In 1951, it was stolen from the Baltimore Museum of Art. On Friday, Judge Leonie Brinkema dismissed Fuqua's claim of ownership, and said the painting must be returned to the museum.
Baltimore Museum of Art attorney Marla Diaz.
(SOUNDBITE) (English) MARLA DIAZ, BALTIMORE MUSEUM'S ATTORNEY, SAYING:
"We have had a result from the court today on our motion for partial summery judgment, that has dismissed the claim of the owner who purported to buy the painting at the flee market, and as a result the court has indicated that it will be returning to the painting to the Baltimore Museum of Art, which is the decision we are very delighted about."

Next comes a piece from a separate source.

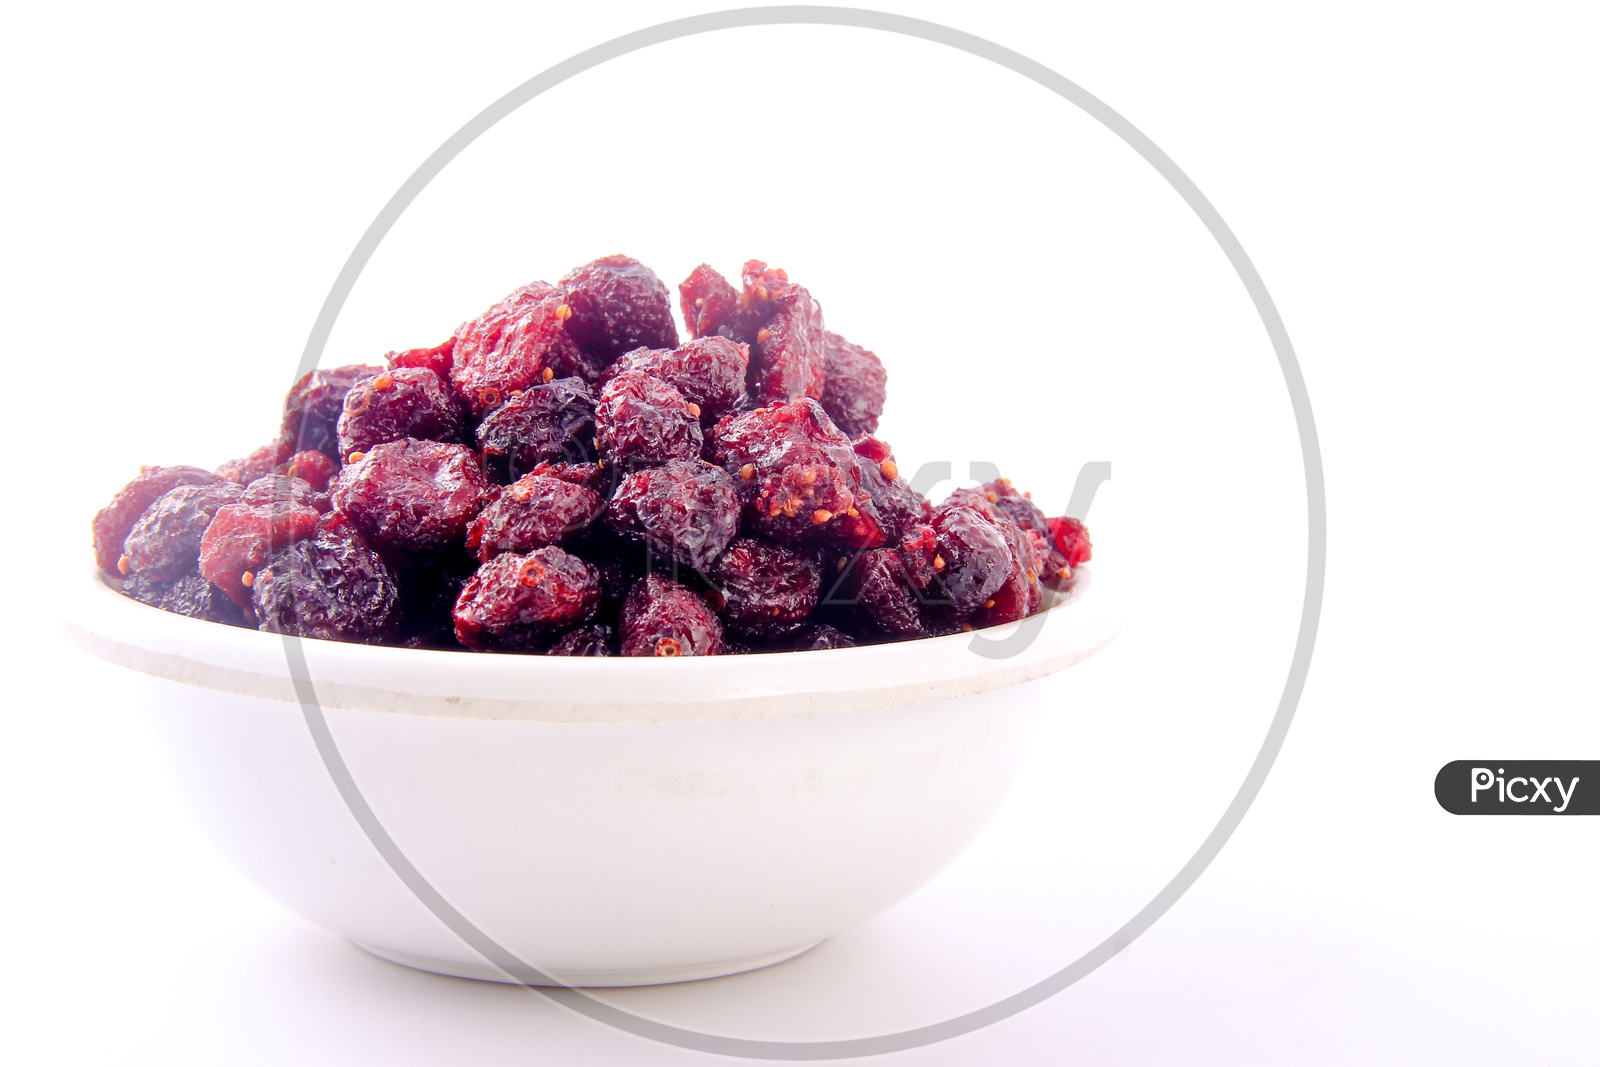 Dried Red berries In a Bowl On an Isolated White Background

Fuqua said she didn't know it was a Renoir and stored it in a garbage bag for two and a half years. She said she bought it because she liked the frame, and thinks she should be able to keep it, since she didn't know it was stolen.
But, the judge noted a property title cannot be transferred if it resulted from a robbery.
What happened to the painting in the time after the theft in 1951 and the time it surfaced at a flea market is unknown.